Pisa : notre école reste trop inégalitaire

Nous continuons notre analyse du dernier rapport Pisa dévoilé mardi. Dans son édito d’hier, intitulé « Il faut oser parler du redoublement », le journaliste du Soir, Pierre Bouillon, écrivait ceci : « Sur les 110 écoles francophones qui on participé au test 2009, 37 ont obtenu en lecture un score supérieur à celui obtenu par les champions de Finlande et Corée.
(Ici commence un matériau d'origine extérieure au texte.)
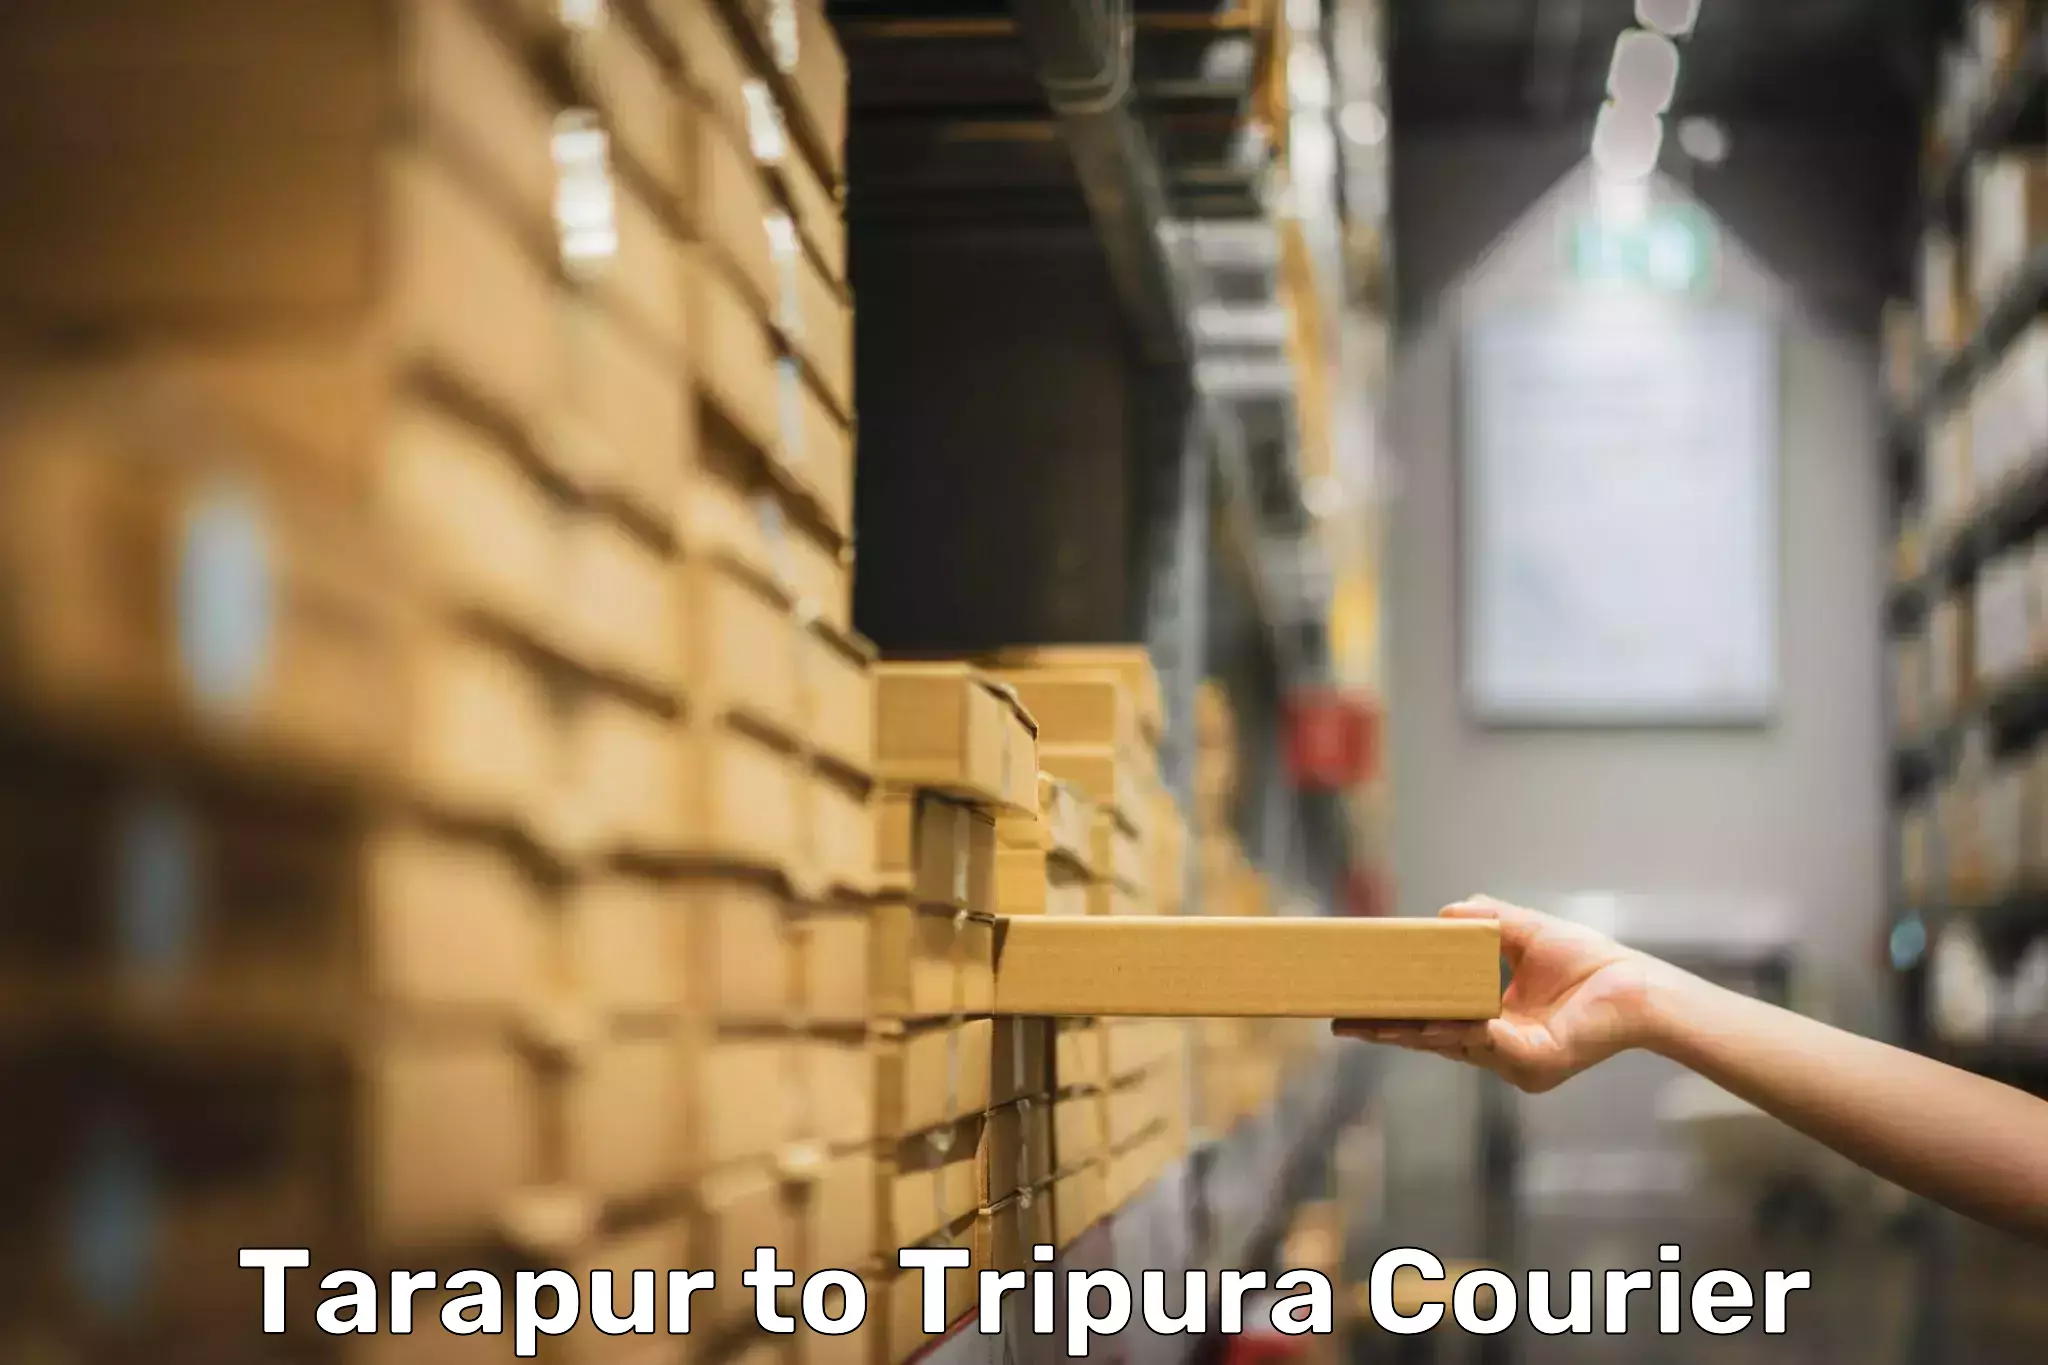 Luggage transport consultancy Tarapur to Tripura

Et ces élèves « d’élite » ne réussissent pas à nous faire valser au-dessus de la moyenne OCDE. C’est dire que les traînards sont paumés loin, très loin dans la cambrousse. » Tout est dit ! Si nos scores Pisa restent si médiocres depuis dix ans, ce n’est pas que nos élèves sont mauvais, ni stupides… c’est que l’écart entre les « bons », les « très bons » et les « très mauvais » est abyssal ! Notre école reste exceptionnellement inégalitaire. Et cela se paie cash.1

A l’autre bout du classement, la Finlande est le pays le moins inégalitaire : l’écart entre ses élèves les plus forts et ses élèves les plus faibles n’est que de 40 points. La Communauté française triple presque cet écart avec 151 points (l’équivalent de 4 années scolaires) !

Sans surprise, les élèves natifs réussissent mieux que les élèves immigrés… de même que les élèves issus de milieux socio-économiques favorisés laissent loin derrière les enfants issus de milieux plus modestes. L’écart entre le peloton (25 % des élèves les plus nantis) et l’échappée (25 % des moins nantis) est le plus grand de tous les pays industrialisés : 136 points d’écart, qui correspond à plus de 4 années de scolarité.2

Les filles plus performantes que les garçons

Personne ne s’étonnera non plus que les plus performants sont les élèves « à l’heure » (qui n’ont jamais redoublé). Les filles s’en sortent aussi mieux que les garçons. Une année d’étude. Voilà l’écart entre les garçons et les filles en Communauté française en lecture. Cet écart existe partout dans l’OCDE. Mais, parmi les pays où l’écart se réduit entre les sexes, c’est chez nous que Pisa note la meilleure progression : en 2000, l’écart était de à 35 points, en 2009, 25 points.

Pour Dominique Lafontaire, de l’ULg, c’est “la structure de notre système éducatif” qui explique en grande partie le déséquilibre. C’est-à-dire un système basé sur les filières.

Son raisonnement : plus on laisse l’opportunité aux parents de faire des choix sur les études de leurs enfants – filières générales, professionnelles ou techniques; redoublement ou non; etc. –, plus grandes sont les inégalités. Le constat se confirme d’ailleurs dans les autres pays pratiquant un enseignement à filières. C’est notamment le cas en Communauté flamande où l’écart entre favorisés et défavorisés est de 100.3

L’une des solutions pourrait donc être de réduire le choix… Non pas le nombre de choix (le nombre de filières ou d’écoles). Mais les moments où ils sont effectués.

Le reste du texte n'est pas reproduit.